Many of the US corporations making in-roads into the heart of NHS have been involved in fraud cases.

The NHS has been held in such great reverence, and such reverence is not without rationale. Despite, funding for the NHS being the second-lowest in the G7 at just £2,989 per person, the NHS was ranked as the best healthcare system in the world by the Commonwealth Fund, besting private insurance and public-private models. The optimum treatment for the NHS is not iatrogenic reinvention, but to maintain the publicly funded-publicly provided infrastructure.

It’s easy to envisage within the next few years of visiting a GP practice, owned and operated by Operose Health, referring you in your time of need to a hospital operated by another private provider. An NHS butchered and fragmented. Even though this will still be free at the point of care, in line with Aneurin Bevan’s principles, it is not without consequence. So, the doctor will indeed still see you; but, how and why, that’s a different matter altogether.

References

  1. Primary Care. Operose Health [Available from: www.operosehealth.co.uk/our-services/primary-care.html.

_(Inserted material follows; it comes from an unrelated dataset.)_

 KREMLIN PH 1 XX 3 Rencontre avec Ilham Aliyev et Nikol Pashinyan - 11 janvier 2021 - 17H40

  2. AT Medics Ltd: change of control request. Central London Clinical Commissioning Group; 2021.
  3. Gallagher P. GP practice taken over by Virgin Care goes from outstanding to inadequate in under two years: iNews; 2018 [Available from: https://inews.co.uk/news/health/virgin-care-gp-practice-rated-inadequate-155041.
  4. Bell BG, Campbell S, Carson-Stevens A, Evans HP, Cooper A, Sheehan C, et al. Understanding the epidemiology of avoidable significant harm in primary care: protocol for a retrospective cross-sectional study. BMJ open. 2017;7(2):e013786-e.

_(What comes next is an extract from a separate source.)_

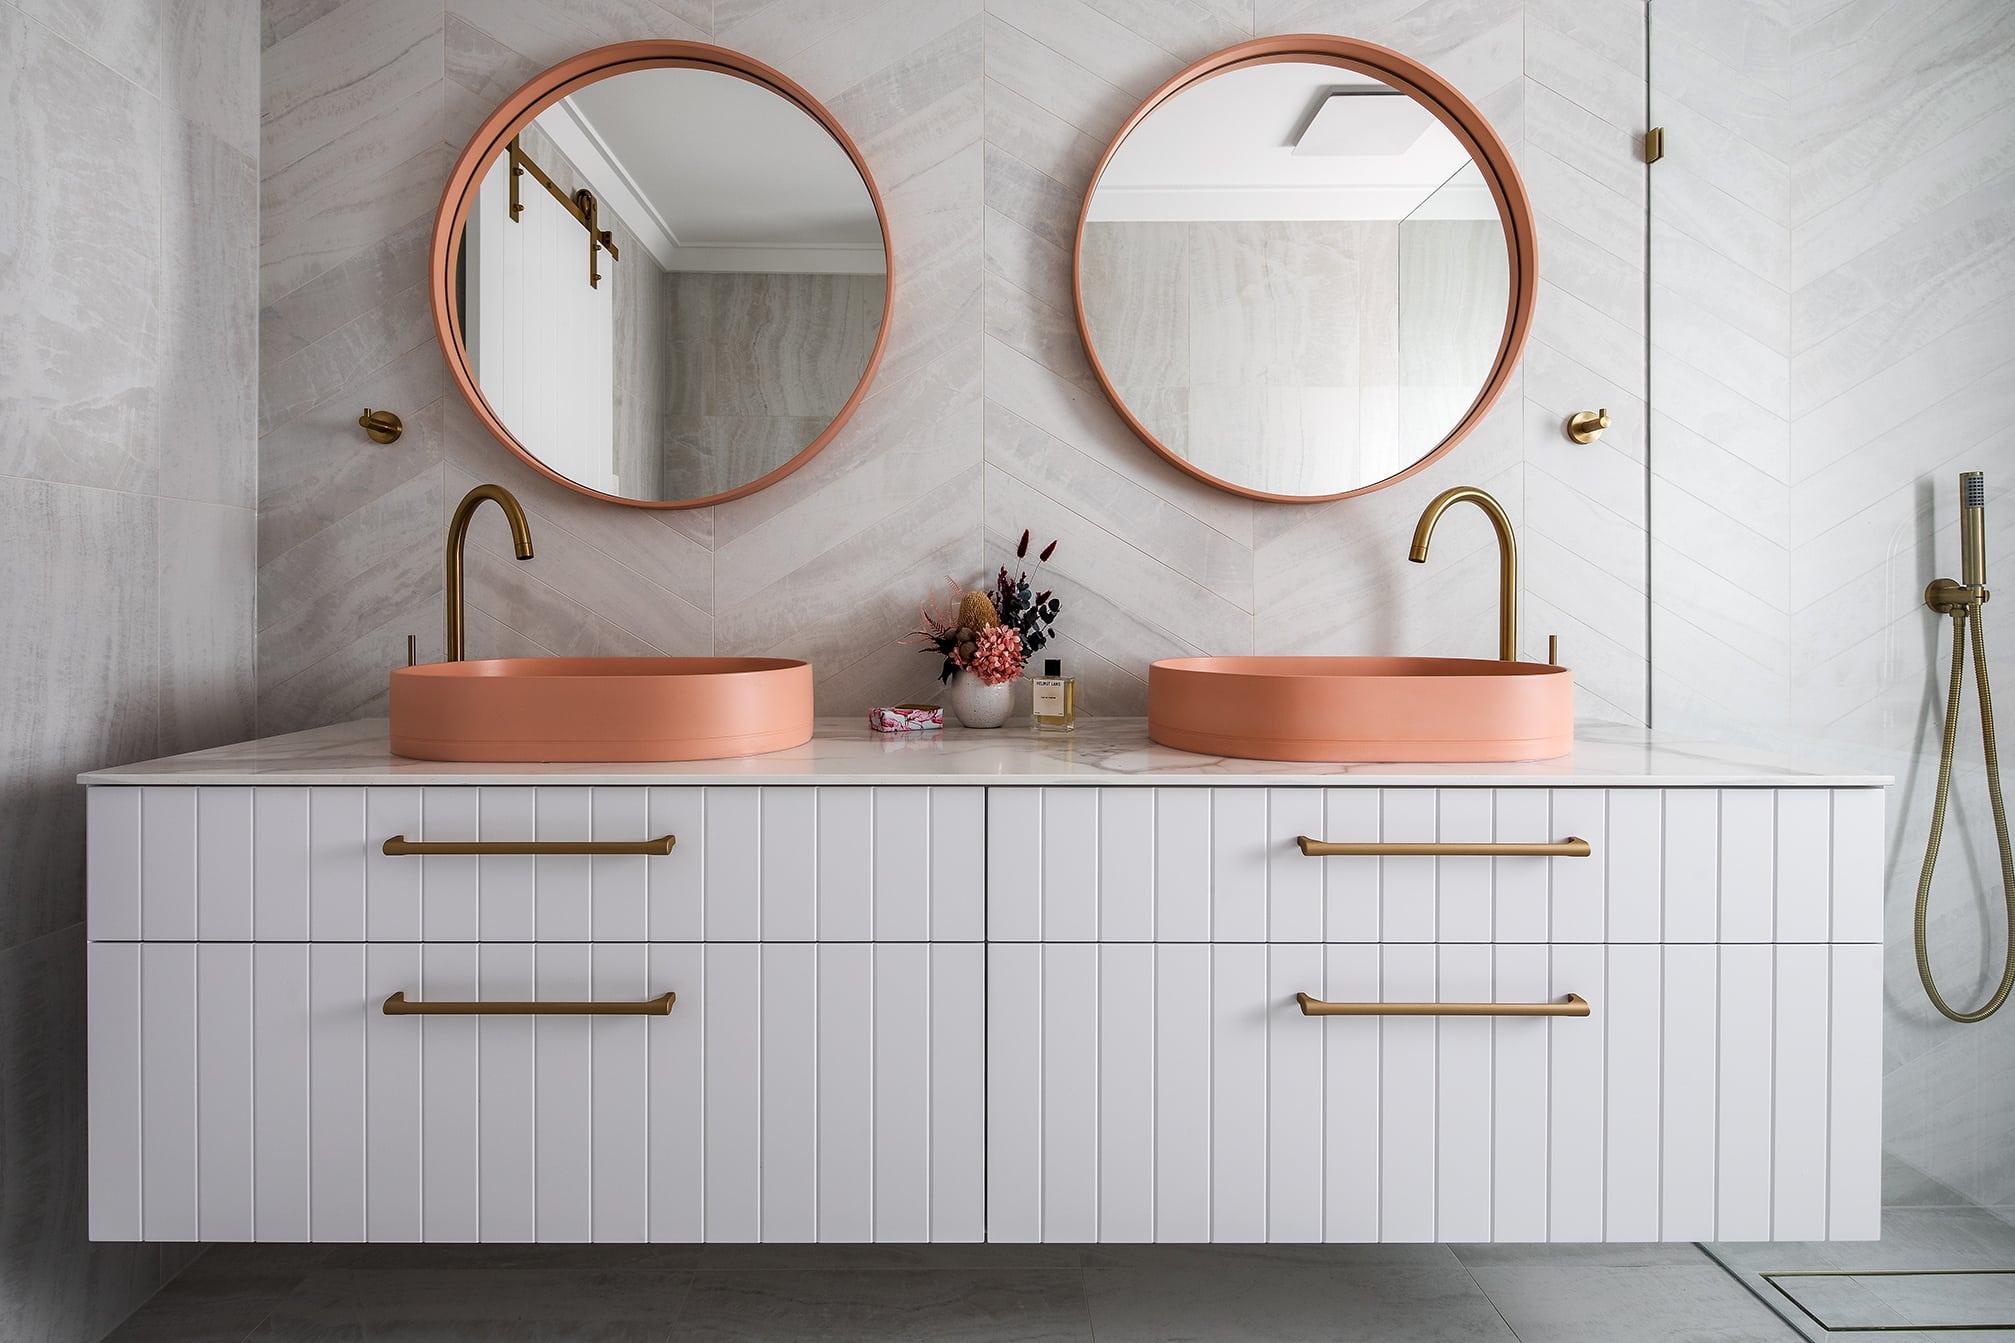 North beach Coastal Barn Ensuite - double vanity and mirrors

  5. Number of GPs down by nearly 1,000 since 2015 despite rise in demand, TUC analysis shows: Trade Union Council; 2019 [Available from: https://www.tuc.org.uk/news/number-gps-down-nearly-1000-2015-despite-rise-demand-tuc-analysis-shows.

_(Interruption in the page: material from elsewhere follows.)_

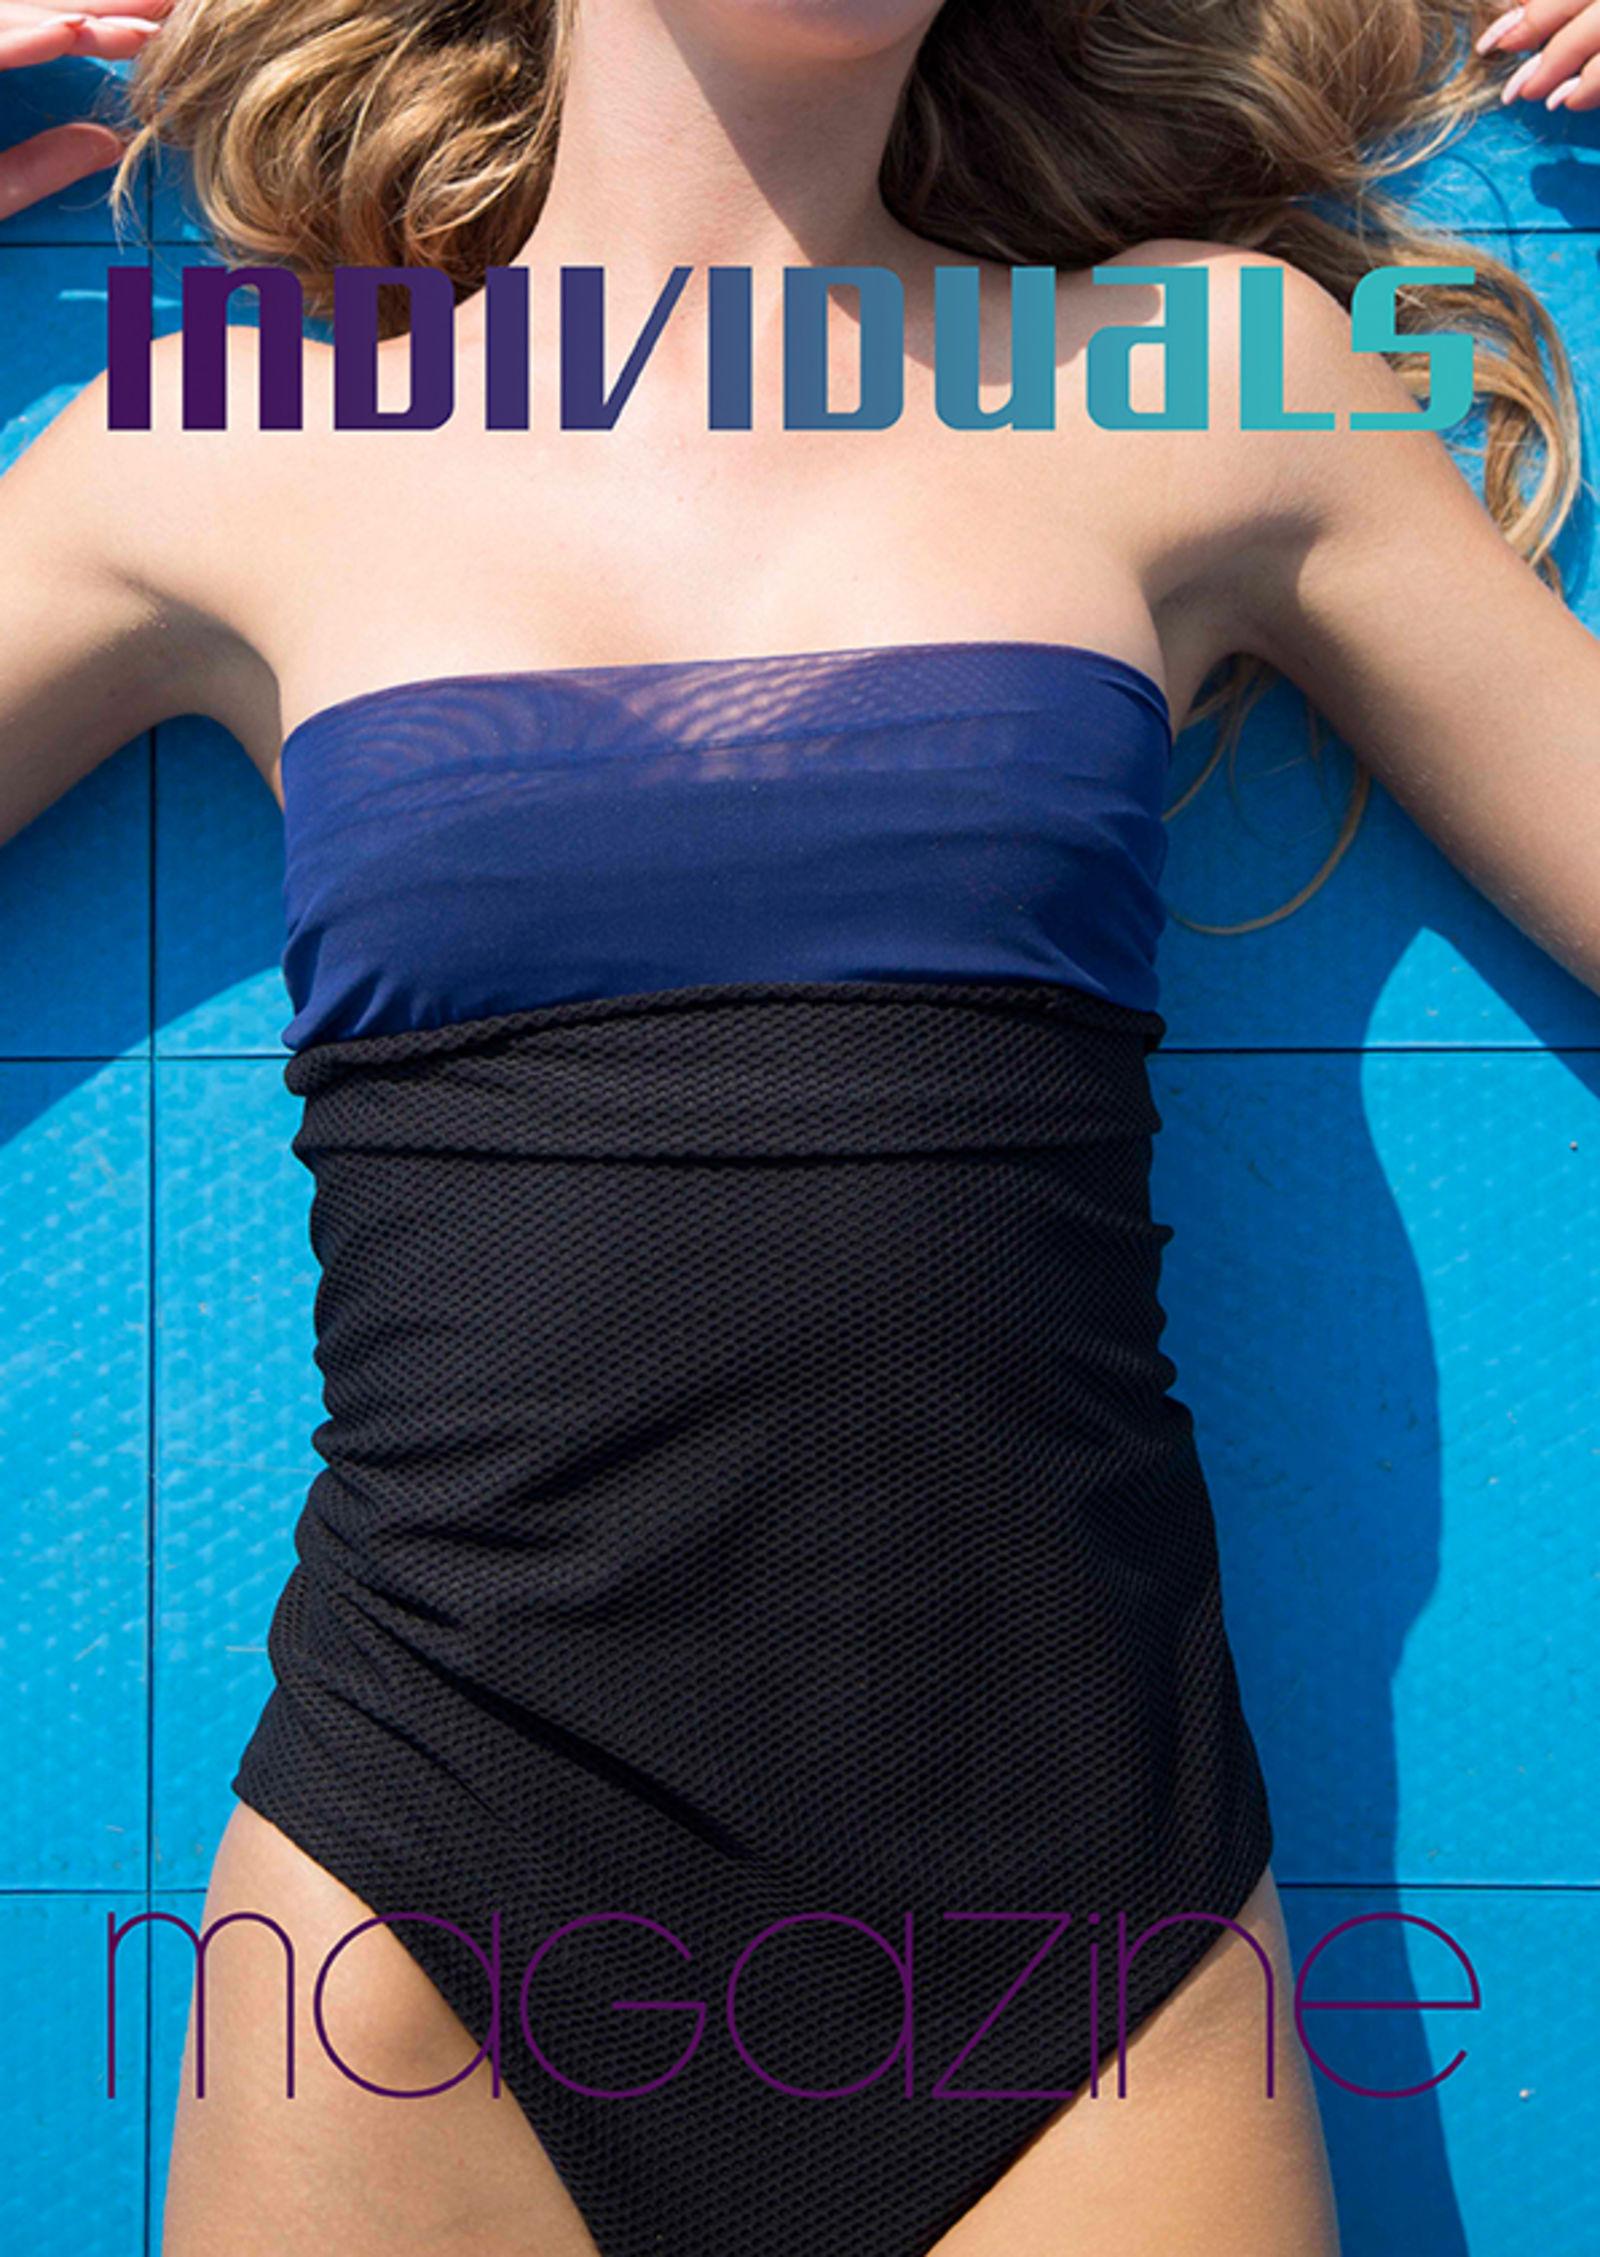 INDIVIDUALS (Image 1)

  6. Irving G, Neves AL, Dambha-Miller H, Oishi A, Tagashira H, Verho A, et al. International variations in primary care physician consultation time: a systematic review of 67 countries. BMJ Open. 2017;7(10):e017902.
  7. Cowling TE, Laverty AA, Harris MJ, Watt HC, Greaves F, Majeed A. Contract and ownership type of general practices and patient experience in England: multilevel analysis of a national cross-sectional survey. Journal of the Royal Society of Medicine. 2017;110(11):440-51.
  8. La Fiscalía pide que Alberto de Rosa declare como imputado 2016 [Available from: https://elpais.com/ccaa/2016/11/22/valencia/1479834022_535319.html.
  9. Centene Announces Purchase Of Expanded Stake In Ribera Salud: Cision; 2019 [Available from: https://www.prnewswire.com/news-releases/centene-announces-purchase-of-expanded-stake-in-ribera-salud-300879723.html.
  10. Healthcare Fraud in the new NHS market – a threat to patient care. Centre for Health and the Public Interest; 2013.